Screenshot of GoCD’s agent management interface. (lara is the host name of the agent here.)

First Contact with GoCD’s XML Configuration

There are two ways to configure your GoCD server: through the web interface and through a configuration file in XML. You can also edit the XML config through the web interface.7

While the web interface is a good way to explore GoCD’s capabilities, it quickly becomes annoying to use, due to too much clicking. Using an editor with good XML support gets things done much faster, and it lends itself better to compact explanation, so that’s the route I’m taking here. You can also use both approaches on the same GoCD server instance.

In the Admin menu, the Config XML item lets you see and edit the server config. Listing 9-1 is what a pristine XML configuration looks like, with one agent already registered.
<?xml version="1.0" encoding="utf-8"?>
<cruise
    xmlns:xsi="http://www.w3.org/2001/XMLSchema-instance"
    xsi:noNamespaceSchemaLocation="cruise-config.xsd"
    schemaVersion="77">
<server artifactsdir="artifacts"
        commandRepositoryLocation="default"
        serverId="b2ce4653-b333-4b74-8ee6-8670be479df9">
</server>
<agents>
    <agent hostname="lara" ipaddress="192.168.2.43"
        uuid="19e70088-927f-49cc-980f-2b1002048e09" />
</agents>
</cruise>
Listing 9-1

Baseline GoCD XML Configuration, with One Agent Registered

The serverId and the data of the agent will differ in your installation, even if you followed the same steps.

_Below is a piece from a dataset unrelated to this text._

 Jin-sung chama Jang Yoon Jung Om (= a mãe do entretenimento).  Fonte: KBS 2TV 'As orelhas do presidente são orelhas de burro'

To give the agent some resources, you can change the <agent .../> tag in the <agents> section to read as shown in Listing 9-2.
<agent hostname="lara" ipaddress="192.168.2.43"
    uuid="19e70088-927f-49cc-980f-2b1002048e09">
  <resources>
    <resource>debian-stretch</resource>
    <resource>build</resource>
    <resource>aptly</resource>
  </resources>
</agent>
Listing 9-2

GoCD XML Configuration for an Agent with Resources

Creating an SSH Key

It is convenient for GoCD to have an SSH key without a password, to be able to clone Git repositories via SSH, for example. To create one, run the following commands on the server:
$ su - go
$ ssh-keygen -t rsa -b 2048 -N " -f ~/.ssh/id_rsa

Either copy the resulting .ssh directory and the files therein onto each agent into the /var/go directory (and remember to set owner and permissions as they were created originally) or create a new key pair on each agent.

9.3 Building in the Pipeline

Triggering the build of a Debian package requires fetching the source code from a Git repository, by configuring it as a GoCD material, then invoking the dpkg-buildpackage command with some options, and, finally, collecting the resulting files.

Here (Listing 9-3) is the first shot at building the python-matheval package, expressed in GoCD’s XML configuration.
<pipelines group="deployment">
  <pipeline name="python-matheval">
    <materials>
      <git
url="https://github.com/python-ci-cd/python-matheval.git"
        dest="source" />
    </materials>
    <stage name="build" cleanWorkingDir="true">
       <jobs>
         <job name="build-deb" timeout="5">
          <tasks>
            <exec command="/bin/bash" workingdir="source">
              <arg>-c</arg>
              <arg>dpkg-buildpackage -b -us -uc</arg>
            </exec>
          </tasks>
          <artifacts>
            <artifact src="*.deb" dest="debian-packages/"
                type="build" />
          </artifacts>
          <resources>
            <resource>debian-stretch</resource>
            <resource>build</resource>
          </resources>
        </job>
      </jobs>
    </stage>
  </ pipeline>
</pipelines>
Listing 9-3

Simple Approach to Building a Debian Package in GoCD

You can find this and all following XML configurations in the gocd directory of the deployment-utils8 repository.

The outermost tag is a pipeline group, which has a name. It can be used to categorize available pipelines and also to manage permissions.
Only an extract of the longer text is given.